We spent our summers together filling the better part of most days flipping rocks, searching for lizards and wading barefoot in the stream looking for tadpoles. It was grandma that taught me the important things of life, like how to skip a smooth stone across the still part of a stream and how to spit. She taught the importance of a firm handshake and of looking a man straight in the eyes when speaking to him. She taught that my word was my bond. And, she taught me of God and to appreciate His handiwork in all I see around me.
Many afternoons, in the sweltering heat of summer we lay, side by side in silence on the creek bank, slapping mosquitoes from sweaty appendages. We’d sling freshly dug earthworms into icy mountain waters from the end of cut bamboo fishing poles. We watched as towering cloud dragons dueled with crumpled knights of the round table and prayed for nibbles on the end of our lines, envisioning a black iron skillet full of pink mountain trout sizzling over an open fire.
At days end we gathered our poles and our jar of earthworms. We filled our pockets with treasures collected: sparkly rocks, a few rusty bottle caps, and the prize of an old horse shoe or two. We pulled our stringer from the chilly waters with fish that were large enough to keep and hand in hand, set our sights for home.
Grandma was the best friend a kid could have and I knew it. She was unmovable in her convictions, as firmly rooted as her twisted hundred year old apple trees. Yet I’d watched her instantly drop to her knees and felt her heart breaking with compassion for a kid learning lessons from the school of hard knocks. When Grandma put her arms around you and squeezed, though no words accompanied it, there was no doubt of her undying, unconditional love.
In the steamy heat of evenings we rocked on the enormous porch surrounded by the soft pinks and dusty blues of her prized hydrangeas. The scent of summer’s jasmine and honeysuckle wafted strong upon an occasional welcome breeze.
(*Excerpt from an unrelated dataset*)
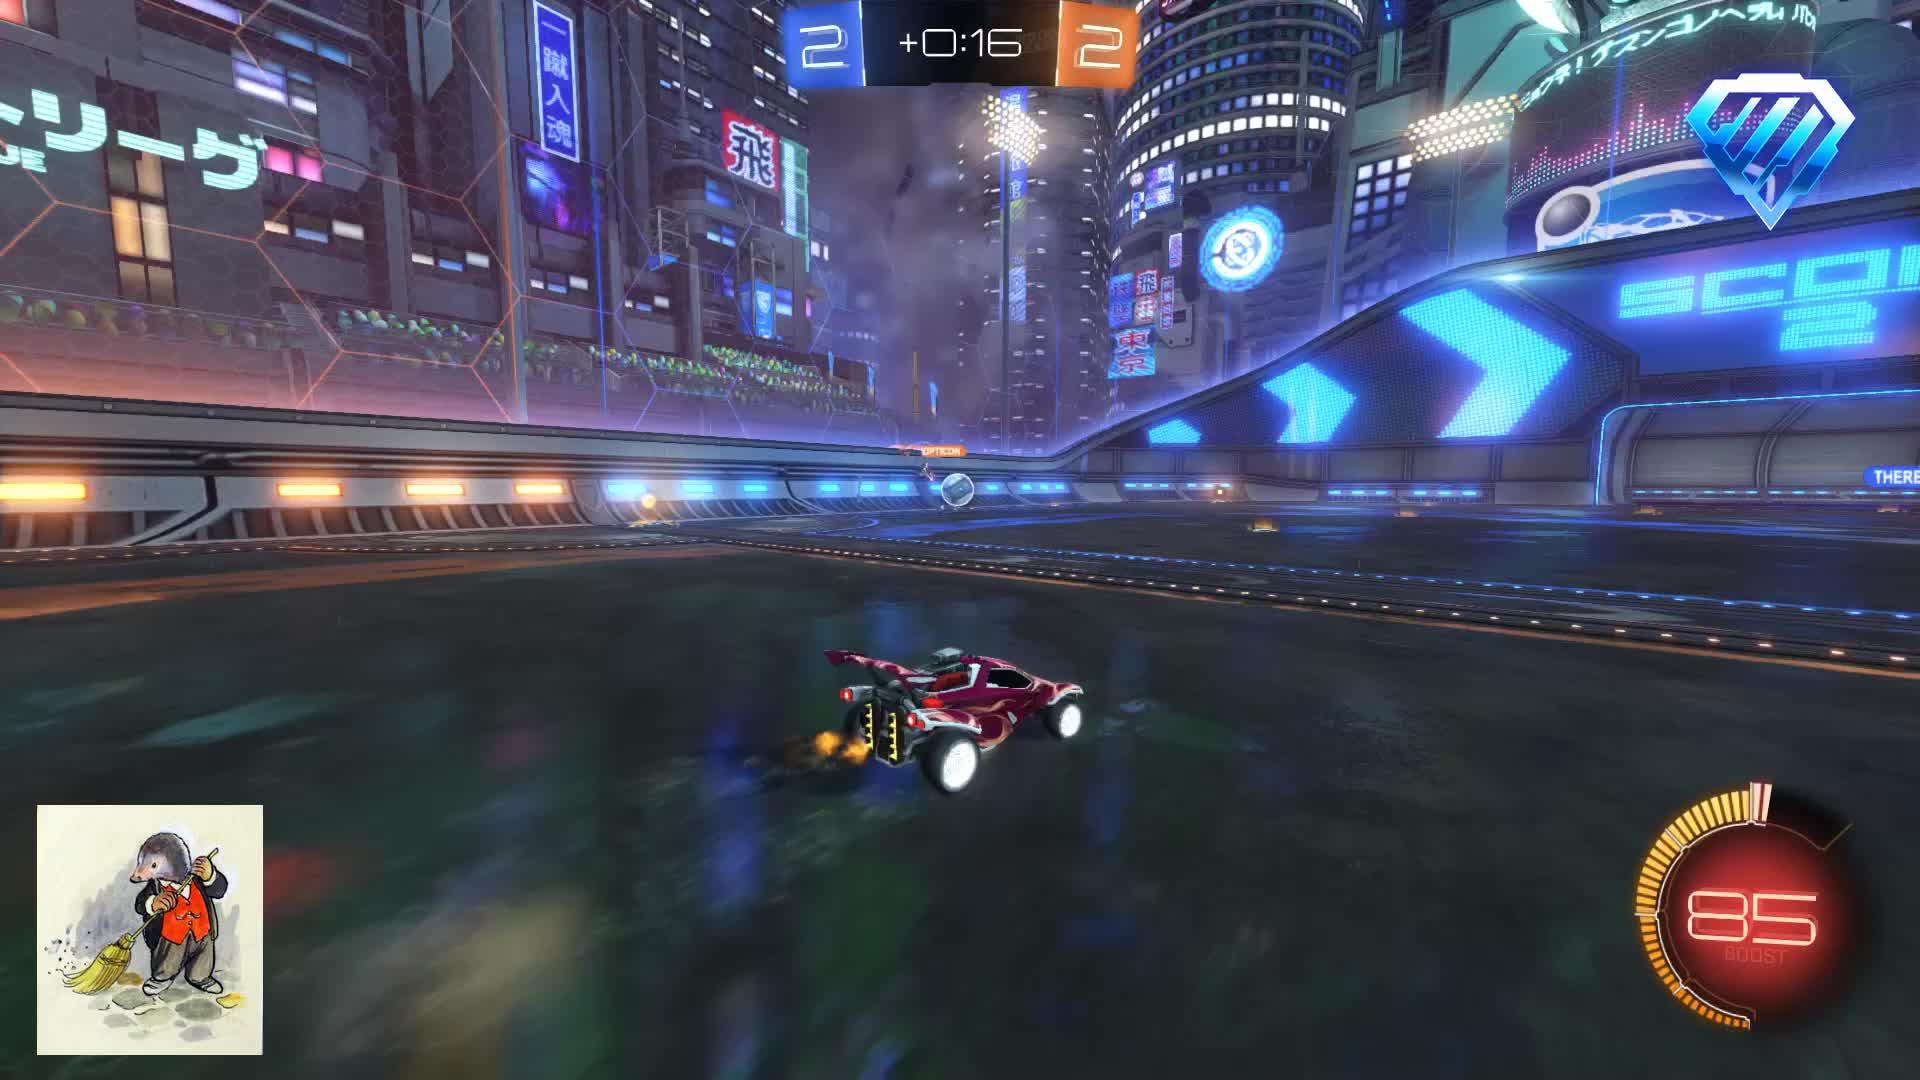 Gif Your Game, GifYourGame, Goal, Moly17, Rocket League, RocketLeague, Goal 5: Moly17 GIFs

“Remember last summer when the neighbors dog from over the hill chased that black bear cub up the old sugar maple tree out by the road?” Grandma leaned way back and laughed so hard I thought she would fall from her rocking chair.
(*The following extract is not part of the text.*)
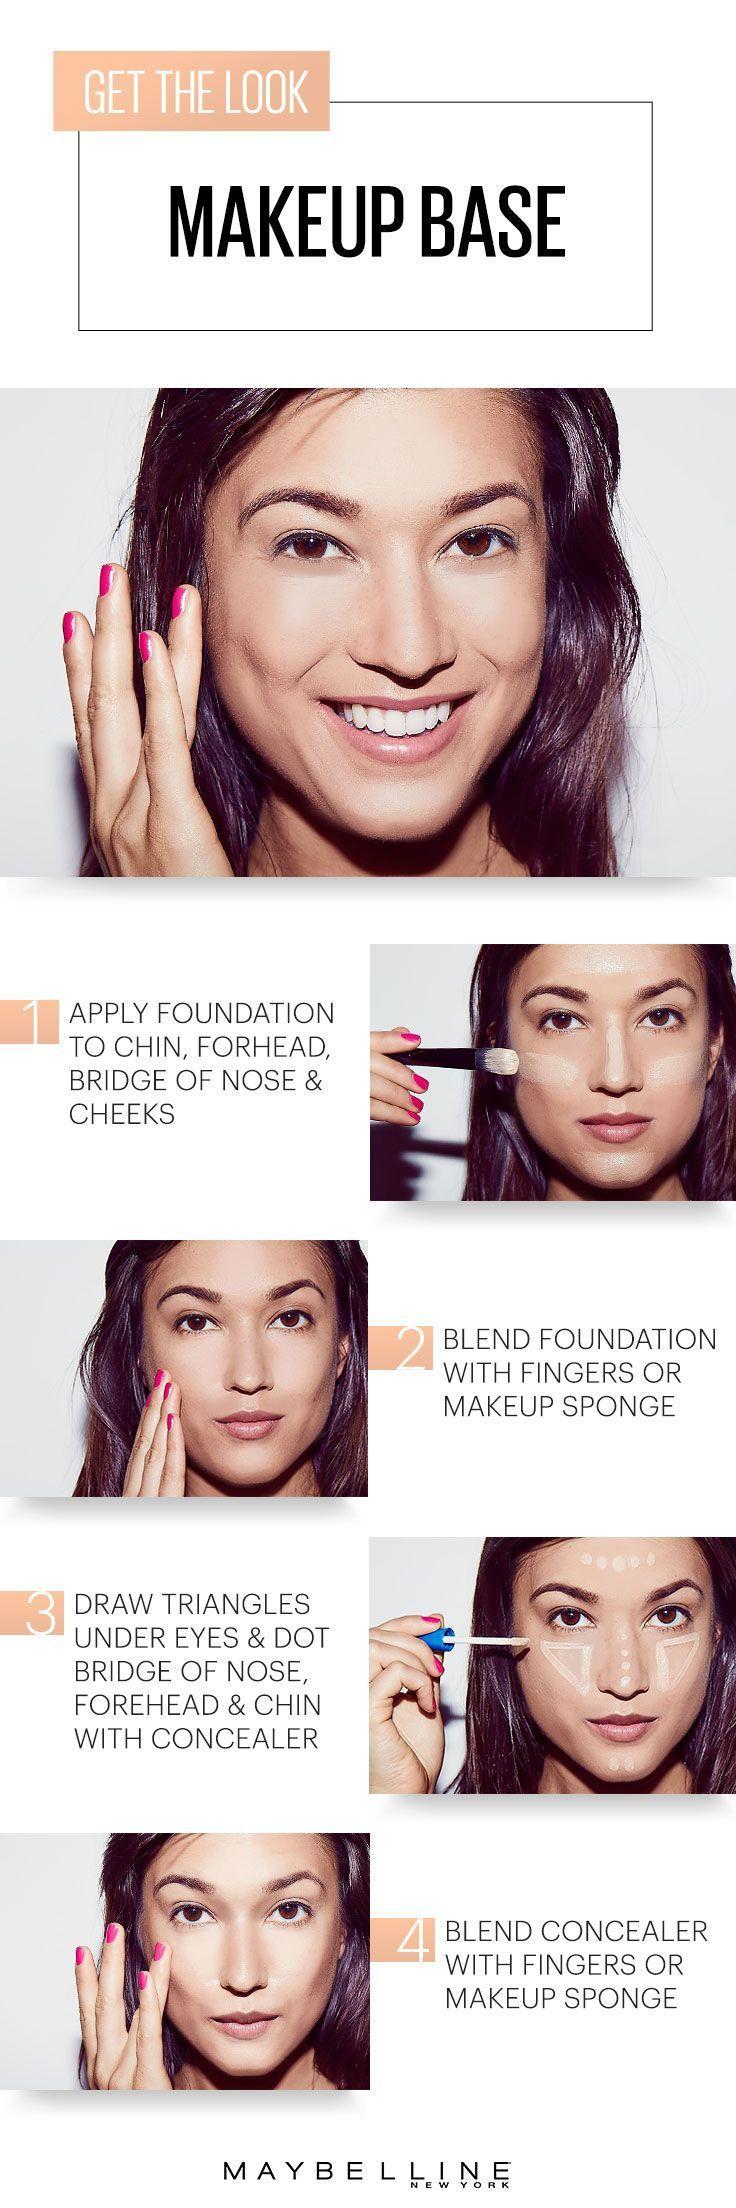 Spring Makeup Tip Apply Foundation First Then Concealer It

Time raced. We laughed and made memories, climbing over hills, skipping rocks in the stream, holding hands, and praying on our knees. But with each summers end, Grandma struggled to hold to the memories we were making. Often, I questioned her about our times together. She smiled and nodded. Words, often absent. Soon I began to wonder just how much she remembered.
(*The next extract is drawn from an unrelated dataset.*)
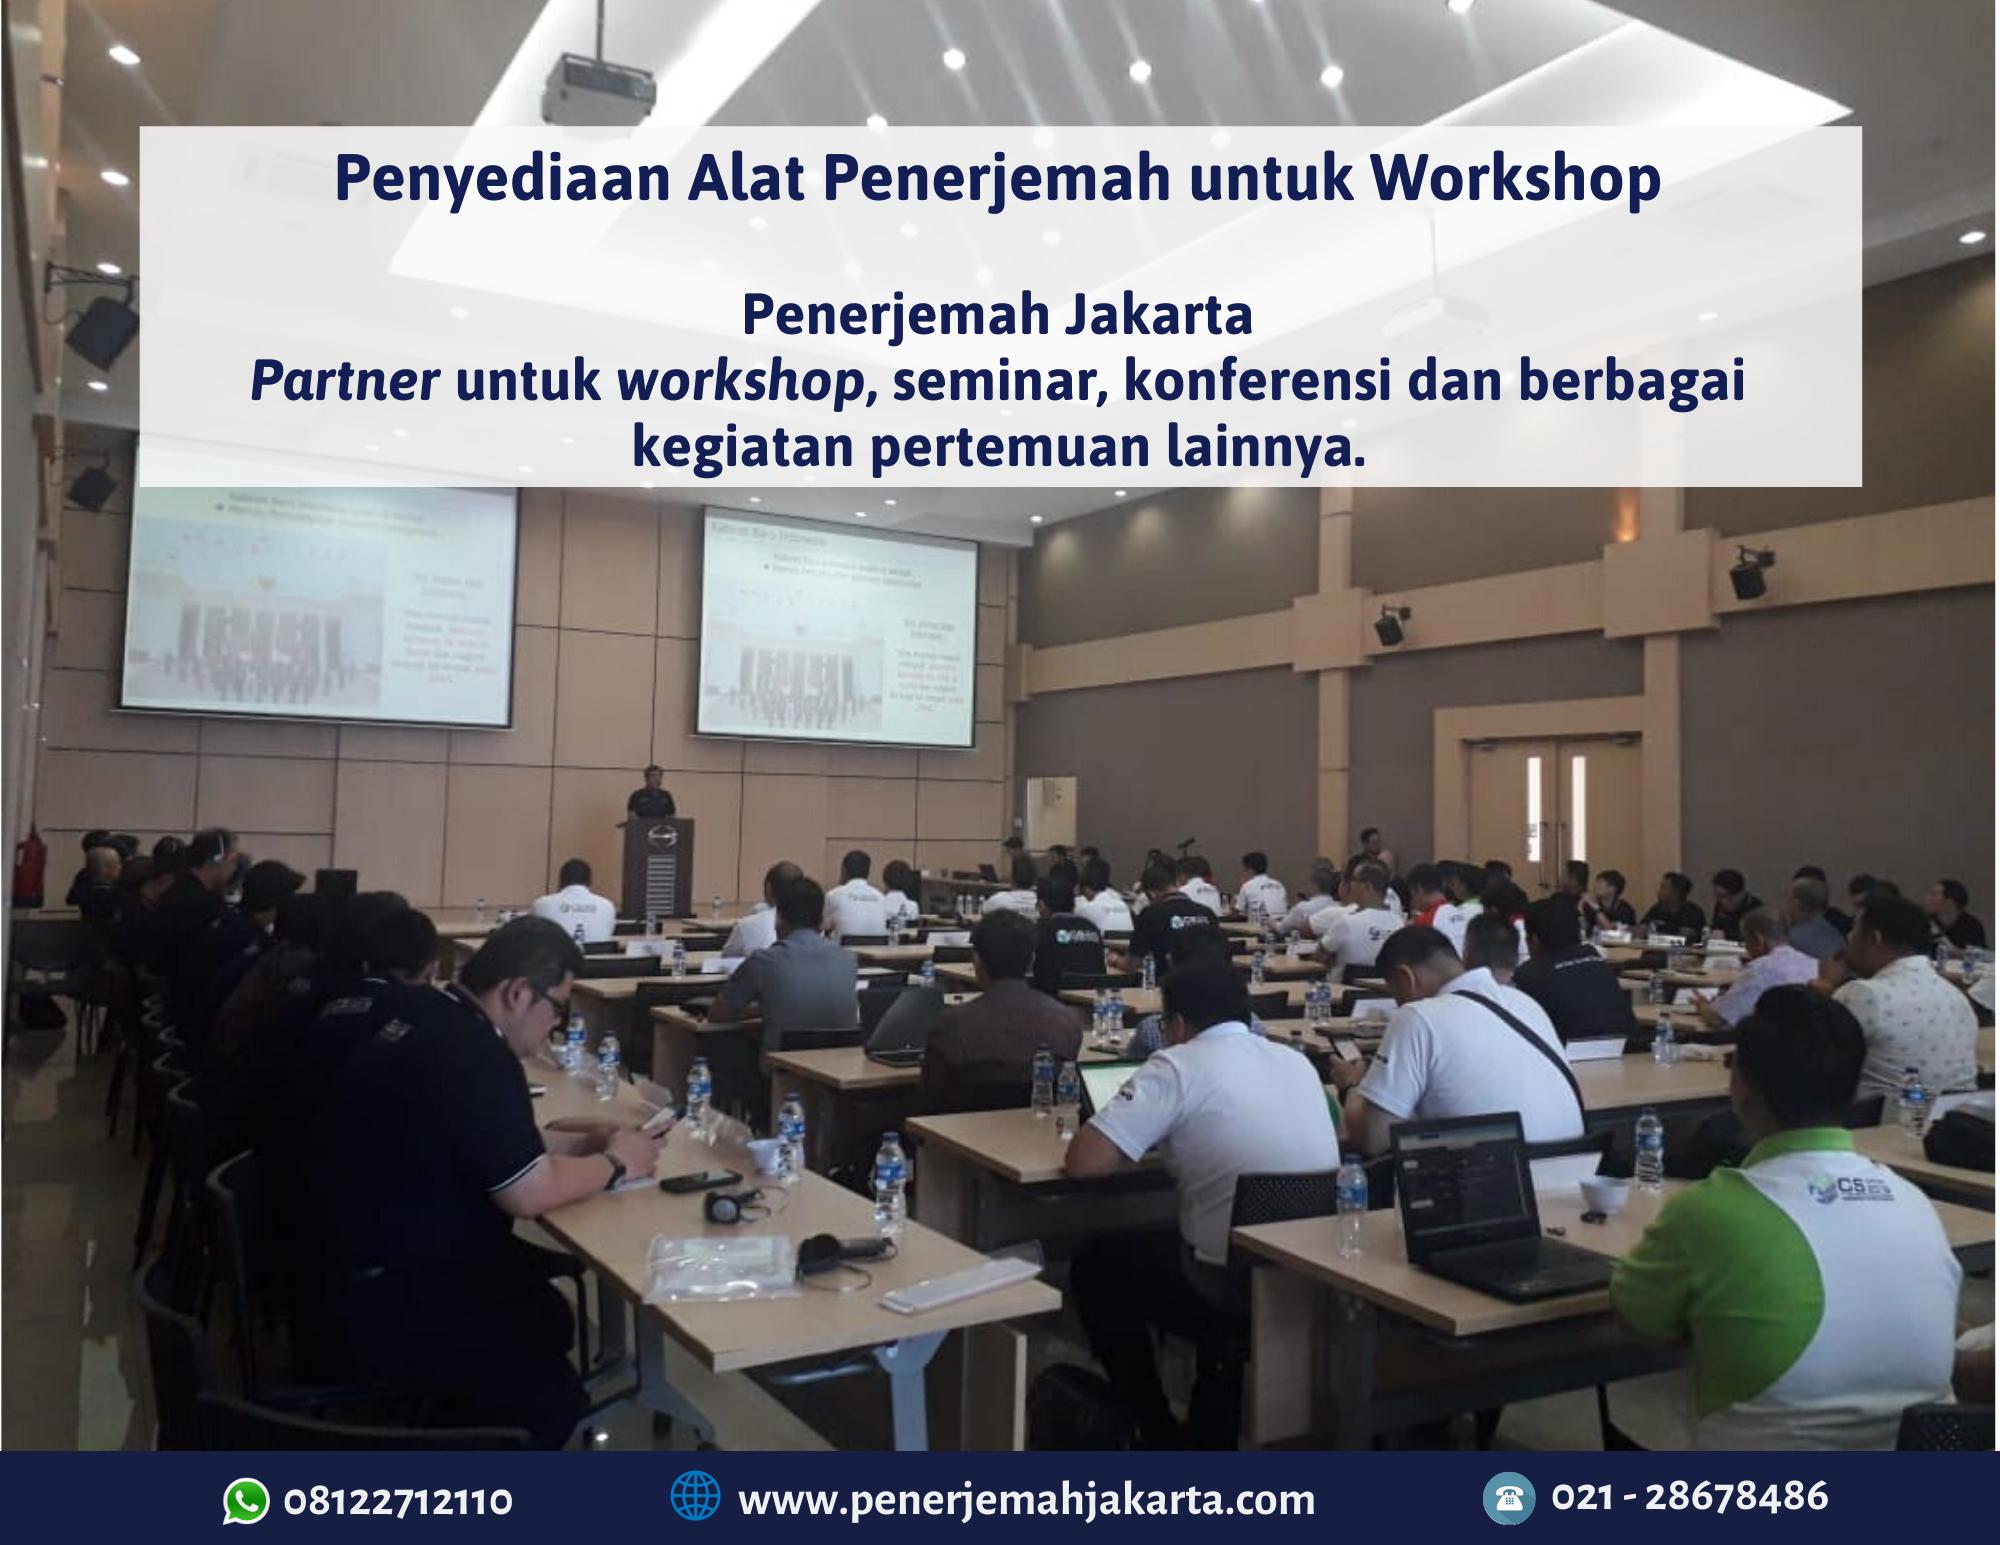 Sewa Alat Penerjemah untuk Workshop

Driving down the dusty dirt road and turning the corner towards the big white farmhouse I thought about times past. Grandma’s influence was such an integral part of my life. The adult I had become was due in great measure to her guidance and love.
Once again we sat together rocking and gazing out across the farm at the sheep and cattle lazily dotting the hillside. Gentle breezes carried scents of freshly mown grass. I took her hand in mine and stroked it tenderly.
“Grandma? Remember flipping rocks and searching for lizards? Remember wading the stream looking for tadpoles?” Grandma rocked without speaking or nodding.
“Remember the peanut butter and apple jelly biscuits and frozen sweet tea in fruit jars? How about the bamboo fishing poles and the fresh trout we pan fried in the heavy black iron skillet? Do you remember that Grandma?” Grandma stared straight ahead, still rocking.
“Do you remember that summer you taught me to spit?” I laughed. “Most of it ended up in my shoes until I got the hang of it.” Grandma stared as if gazing into another time and place.
“Remember the rhubarb and strawberry pies you used to make? Mmmm! I loved the way they made the kitchen smell.” Finally Grandma pulled her hand away and cut the silence with words dreaded.
“Tell me your name.” She paused. “Do I know you?”
“Yes Grandma.” I placed my hand softly upon her shoulder, reaching to wipe the tear following the deep crevices of her soft, time-worn cheek. “You know me and I promise, I will never forget you.”